#### Exercise data:
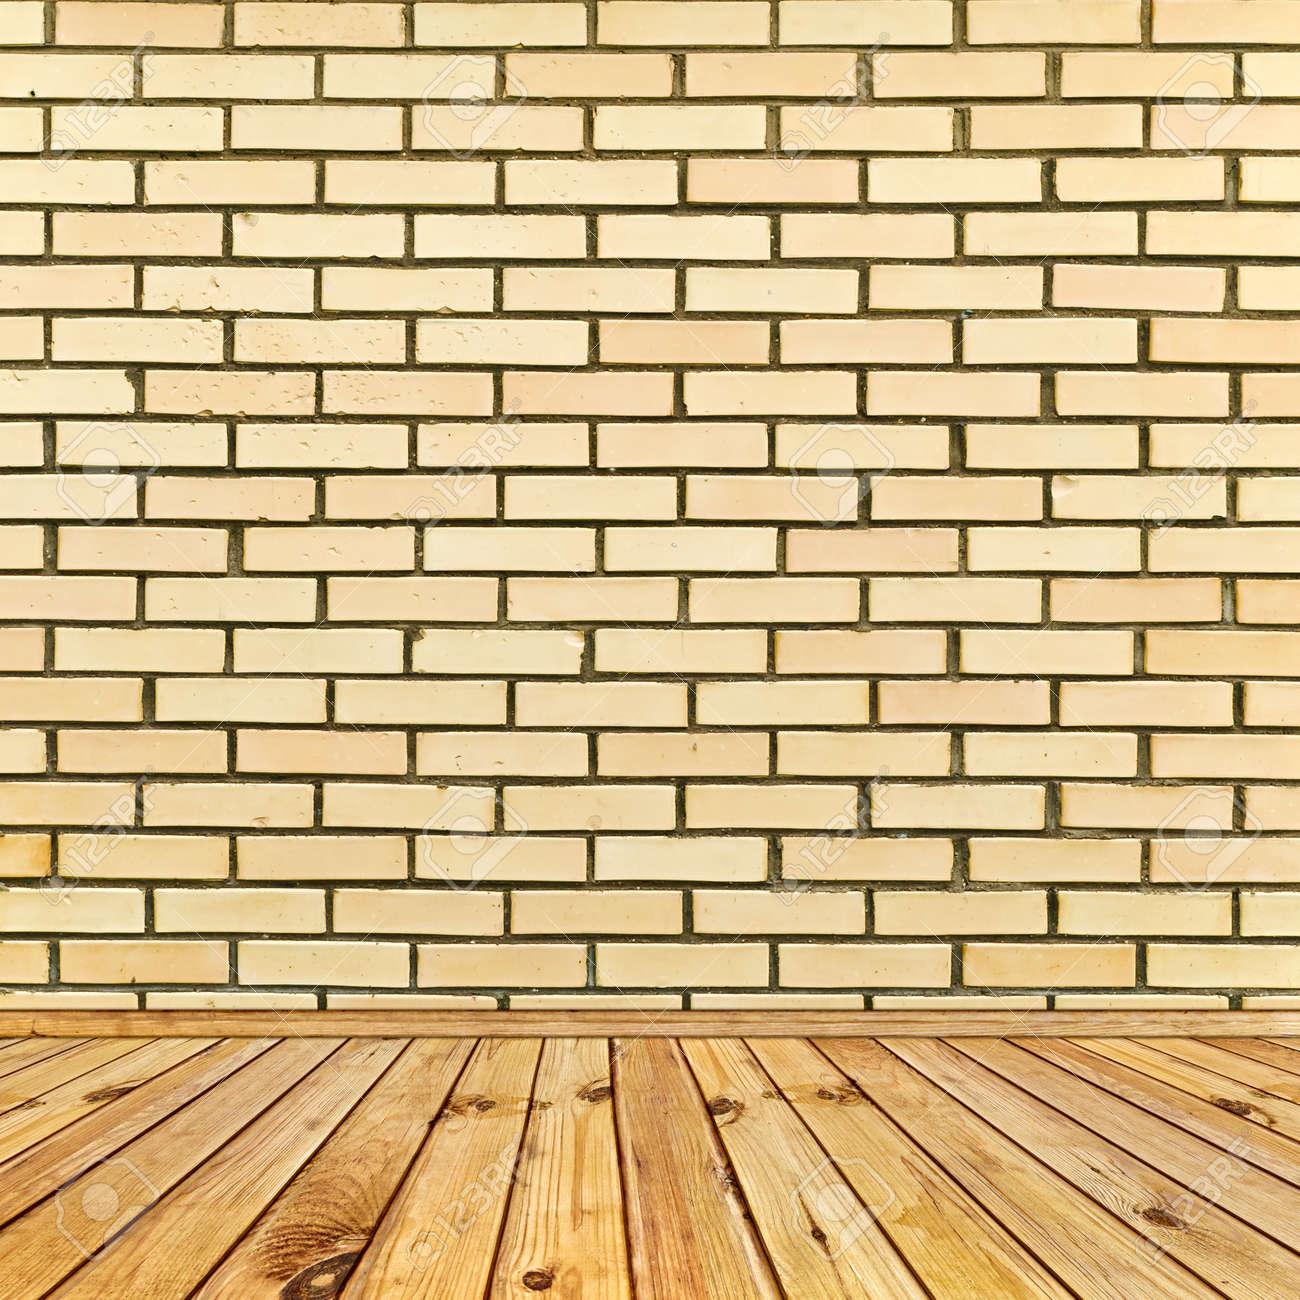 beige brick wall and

---

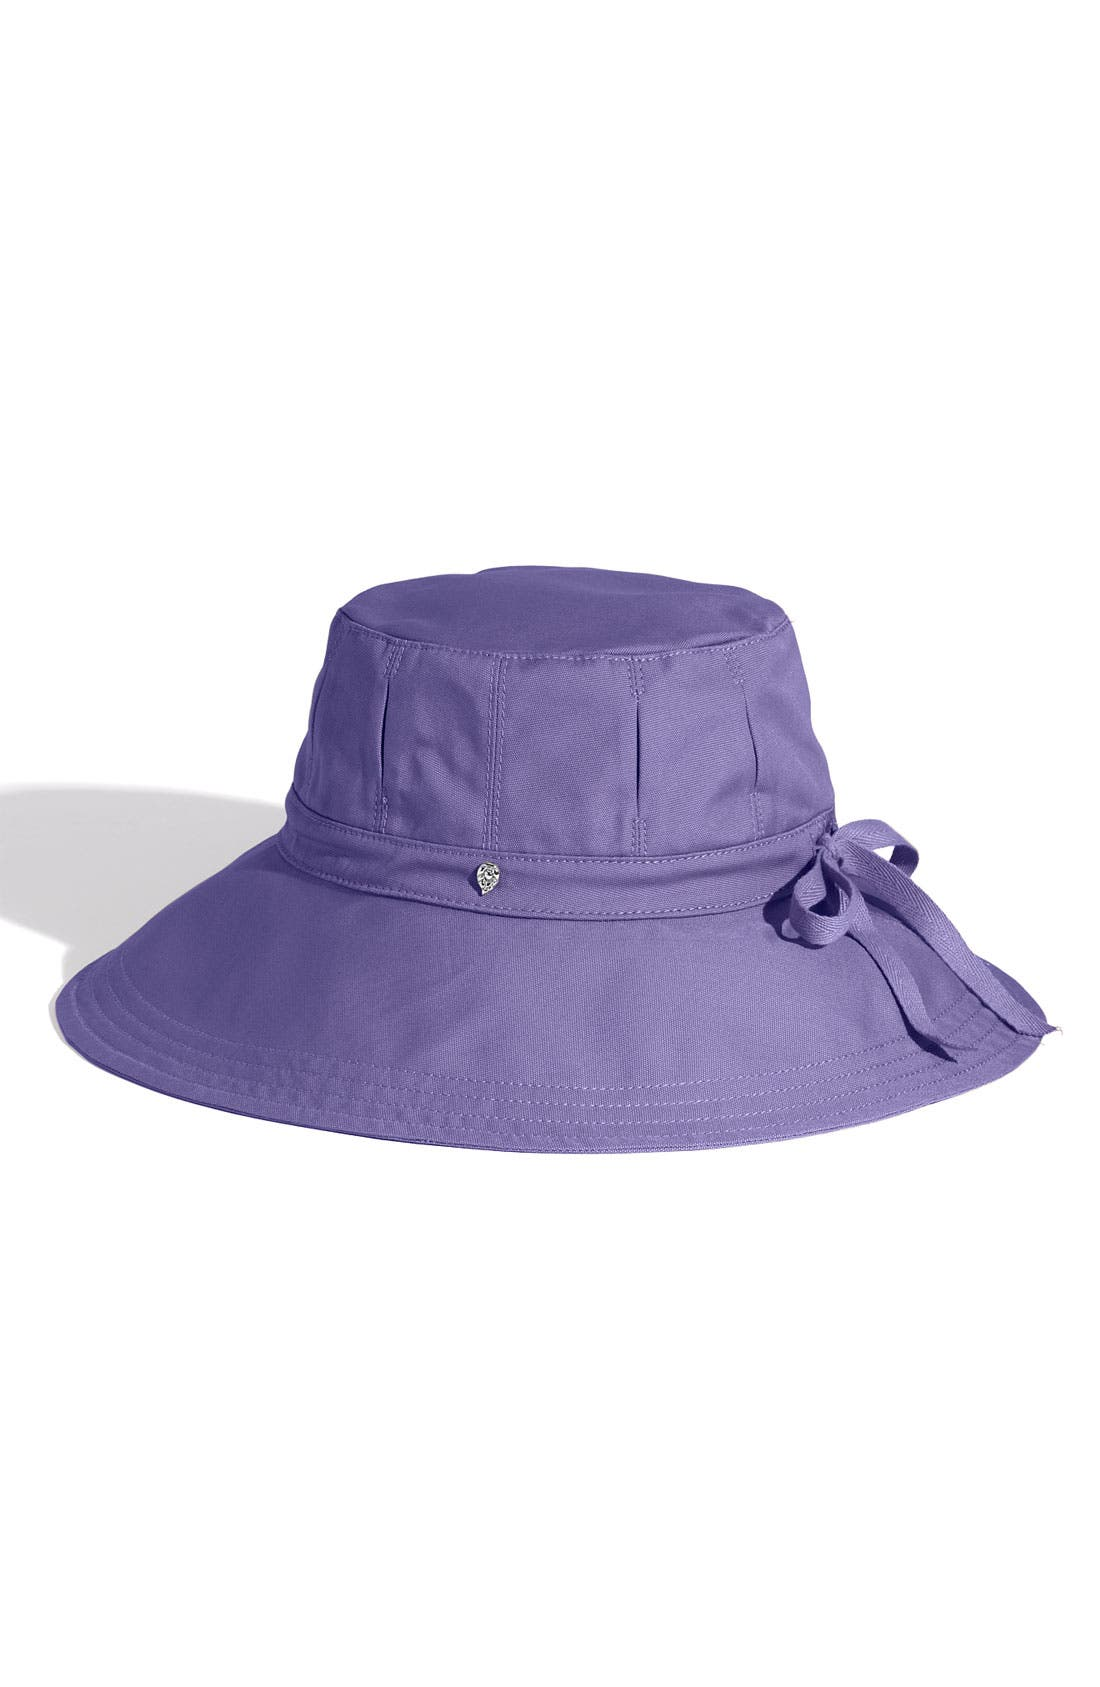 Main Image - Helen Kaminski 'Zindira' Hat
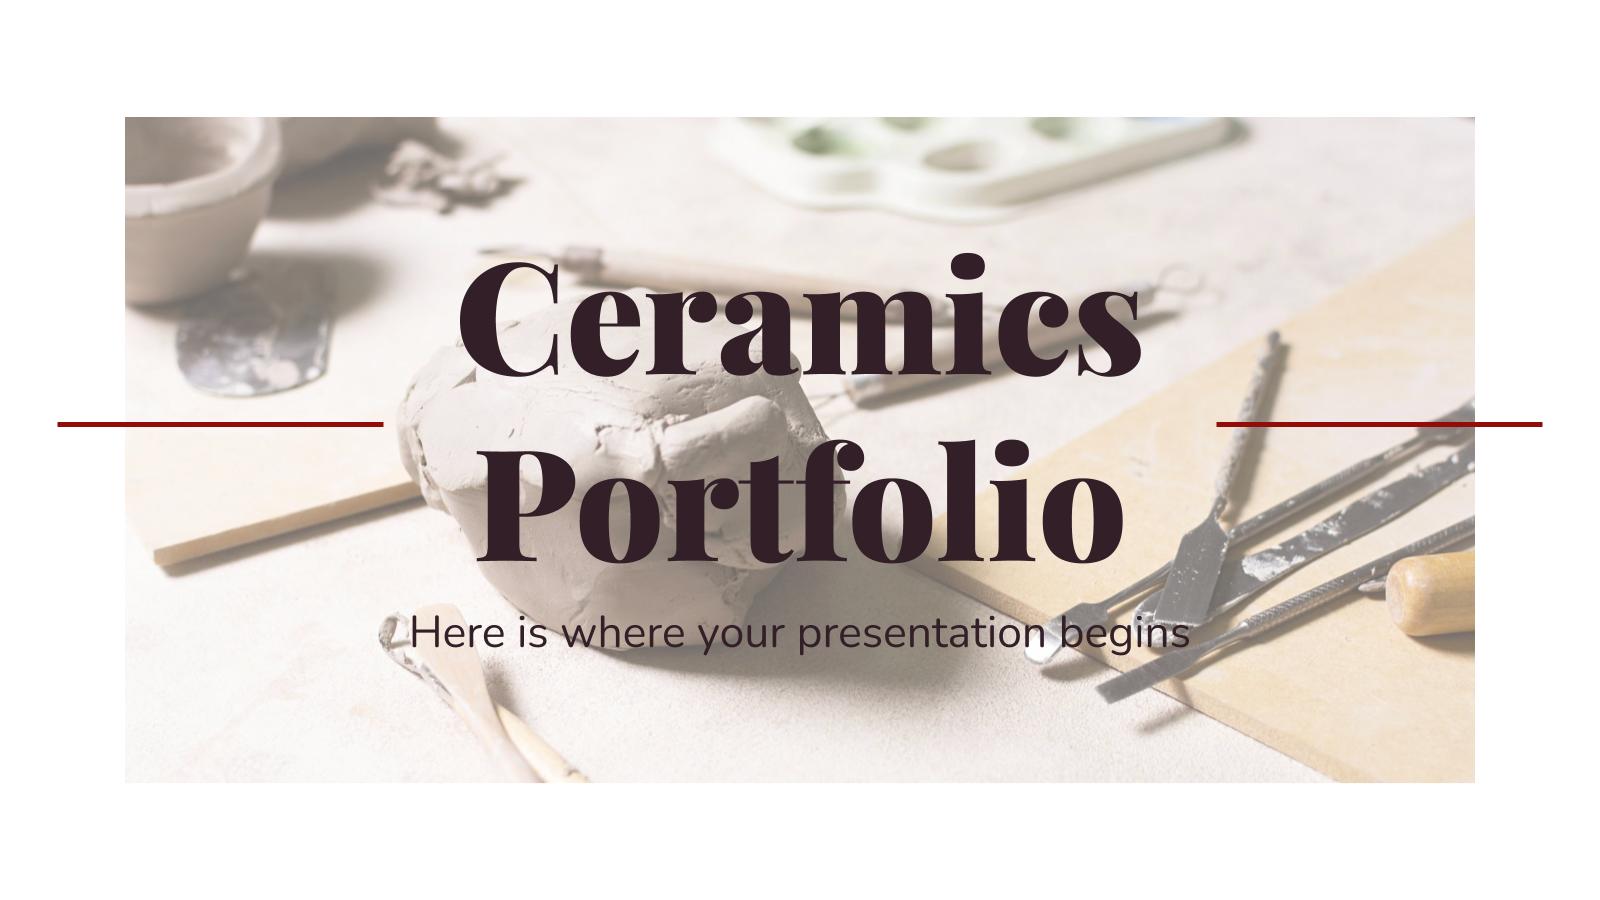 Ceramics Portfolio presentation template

#### Work request:
What are the lines above from the one with "Main Image - Helen Kaminski 'Zindira' Hat" to the one with "Ceramics Portfolio presentation template", both included? Reproduce them exactly, without pictures.

#### Solved problem:
 Main Image - Helen Kaminski 'Zindira' Hat
 Ceramics Portfolio presentation template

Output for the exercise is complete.